What Are Dental Sealants?

Sometimes, the best prevention is a layer of protection. Take a baking sheet out of the oven and you’ll probably protect your hand from the heat with an oven mitt or towel. Go out in the rain and a raincoat or umbrella is your best bet if you want to stay dry. In this blog post, we’ll explain what dental sealants are — and how they function in a similar way.

Protecting our teeth is essential. Dental sealants add a layer of protection to your teeth, helping ward off decay-causing acids, sugars, and bacteria. They are an especially effective option for children, in part because insurance often covers them up to a certain age. Sealants are about as simple as they sound, and they are a great way to keep your teeth healthy and protected from cavities. When it comes to prevention, sealants are a fantastic option.

How Do Sealants Work?

Dental sealants act as coatings, filling in any pits or grooves on a chewing surface to form a protective layer over a tooth’s enamel.

Typically, sealants are applied to the chewing surfaces of molar teeth, but they can be applied elsewhere as needed. For example, sometimes sealants can be placed on the back surface of a front tooth that has exceptionally deep grooves.

Sealants may be applied by a dentist or, depending on the specific state’s laws, a dental hygienist or dental assistant. In some states, physicians and other medical staff may also apply dental sealants.

What are Sealants Made of?

Sealants are typically applied in the form of a liquid resin that becomes hard when cured.
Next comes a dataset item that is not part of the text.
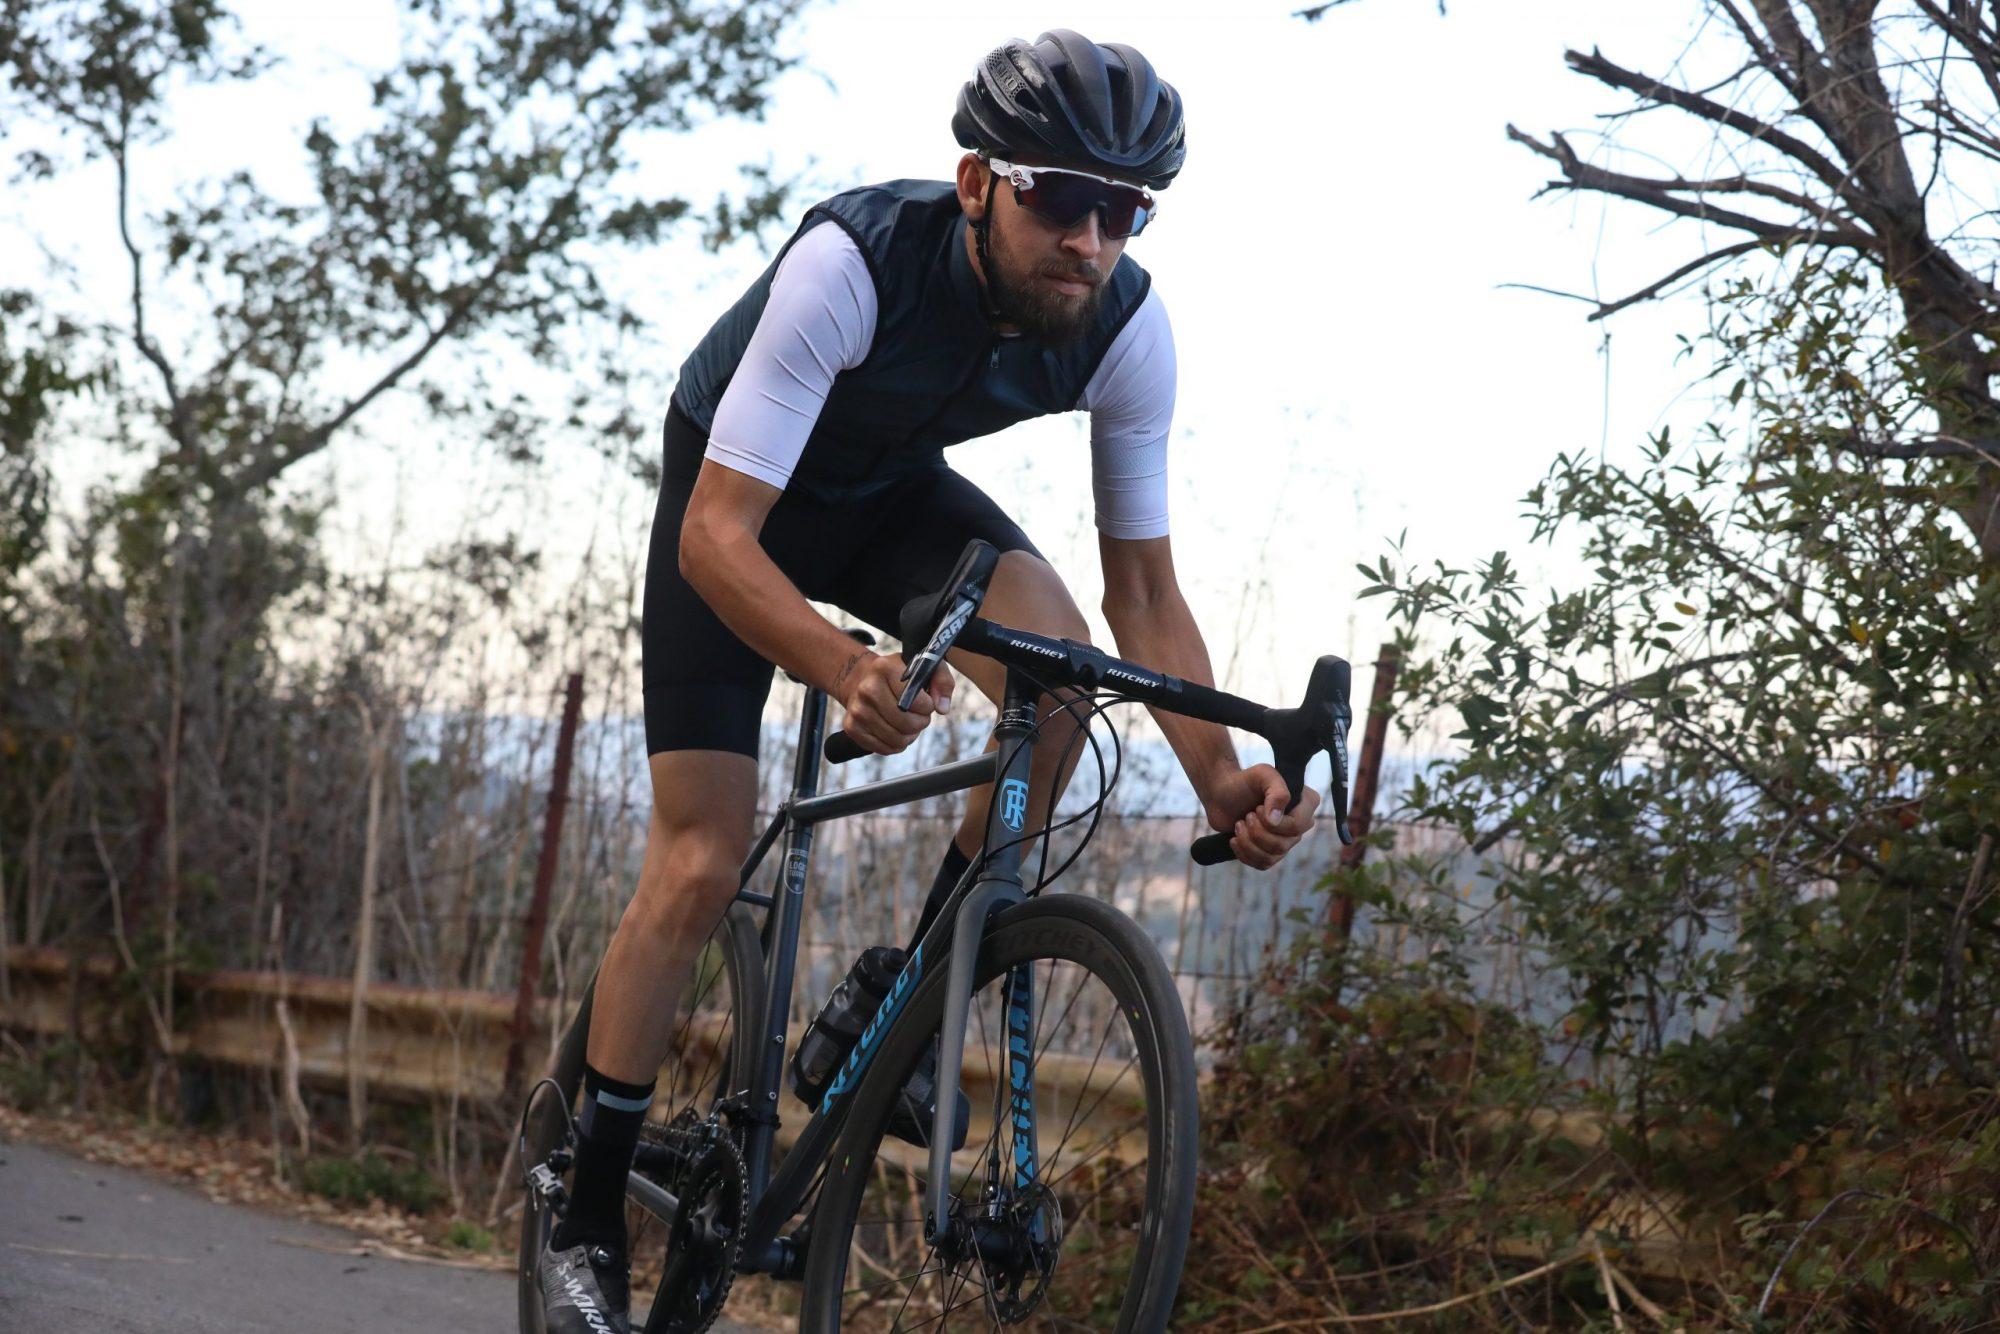 Ritchey-fietsen en framesets: welk model past bij u?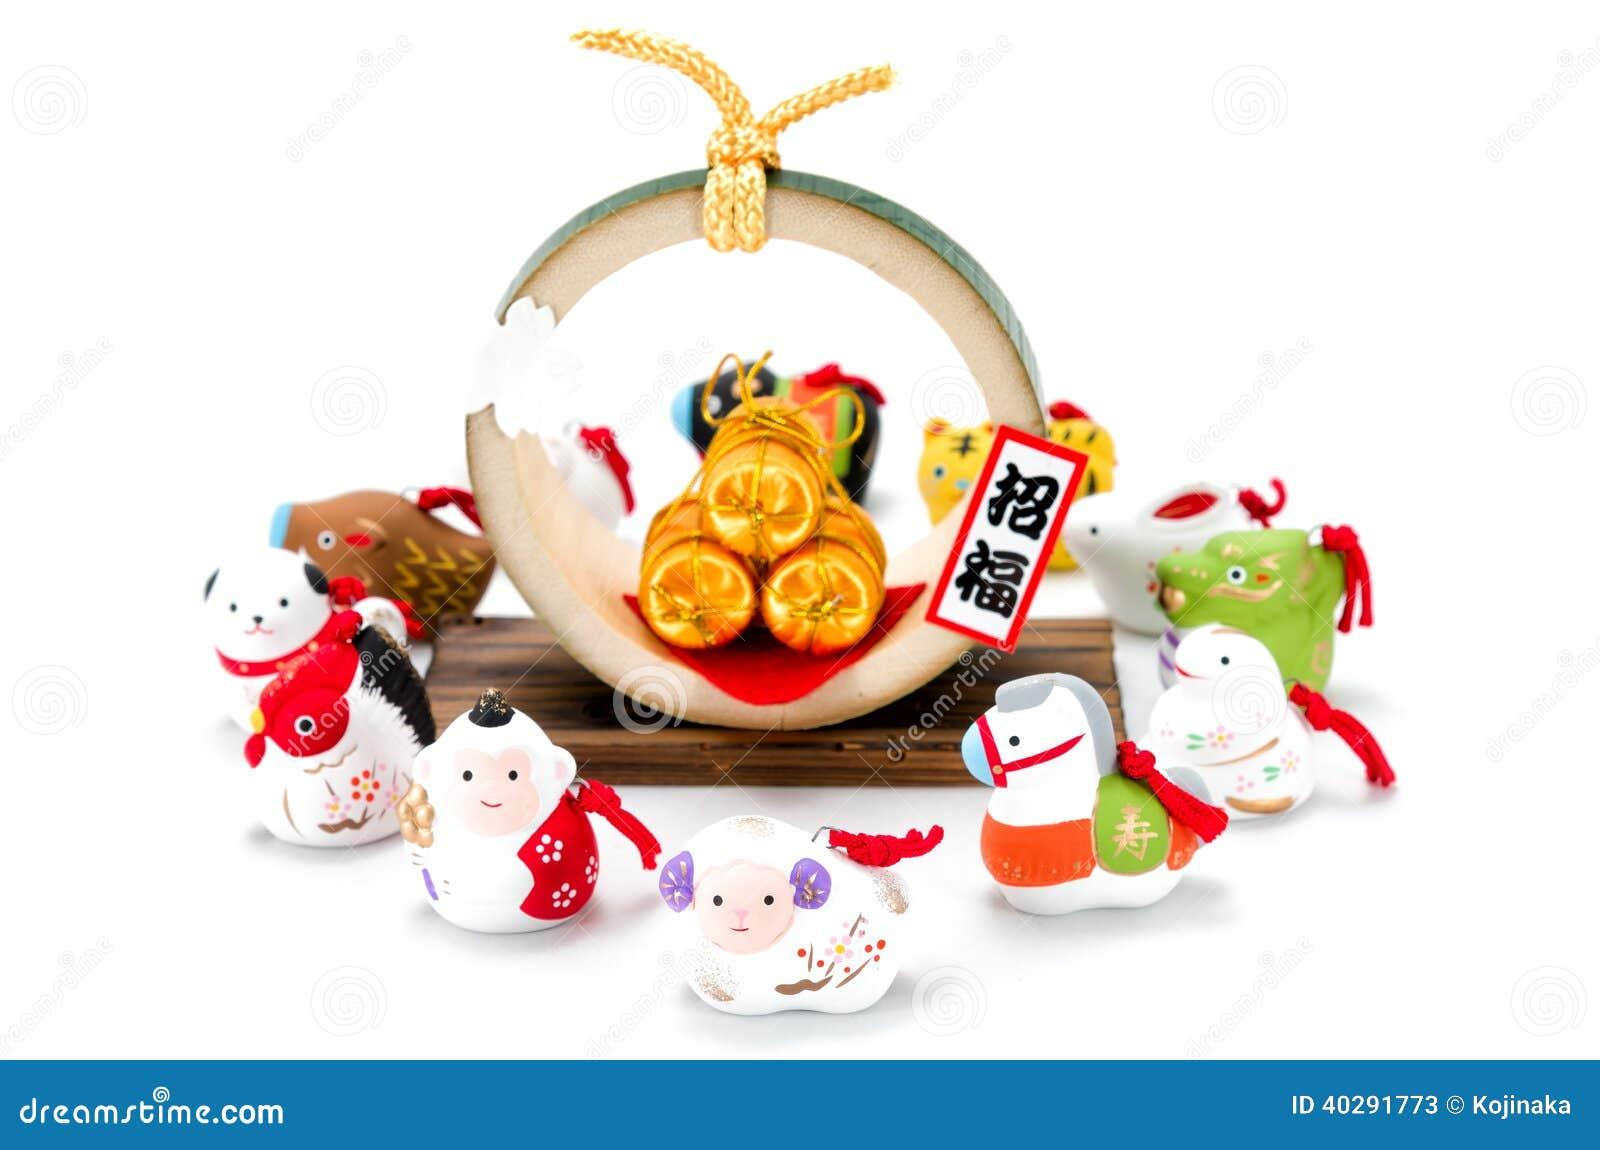 Figurines зодиака и 3 золотых сумок риса соломы.

If you ever had a sealant applied, a cavity filled, braces attached, or any similar dental procedure, you may remember your dentist or hygienist using a tool that almost looks like an electric toothbrush without any bristles.

That tool is what “cures” the liquid sealant, leaving behind a rigid, protective layer.

Do Sealants Work?

Yes, sealants are very effective. According to the CDC, dental sealants can prevent 80 percent of cavities for two years. They have been proven to protect against 50 percent of cavities for up to four years, and there is evidence that they can work for up to nine years.

It is easy for a provider to tell when a sealant either falls off or is worn away, and fortunately they are easy to replace!

Are Dental Sealants Safe?

It is important to note concerns about BPA entering a patient’s system from dental sealants. Fortunately, several studies have been conducted to measure BPA exposure from sealant application, and the widespread consensus is that they are completely safe.

Some BPA may be detectible in a patient’s saliva hours after a sealant is applied, but no associated increase in BPA levels has been detected in patients’ blood at any time post-sealant application.

BPA can imitate a person’s naturally produced hormones, causing an array of health issues. It is an important environmental concern, but fortunately, dental sealants are not a source for concern.

In fact, breathing in dust or touching a receipt will expose a person to much more BPA than a dental sealant application.

How Much Do Sealants Cost?

Some dental plans cover sealants, especially for children. For patients without insurance or with insurance that doesn’t cover sealants, they typically cost between $30 and $75 per tooth. This is a lot more affordable compared to the price of a filling ($150-$450) or other more invasive treatment.

The cost can vary by provider, insurance, and material used, so it is important to ask your dentist to get a better idea of the price tag for dental sealants.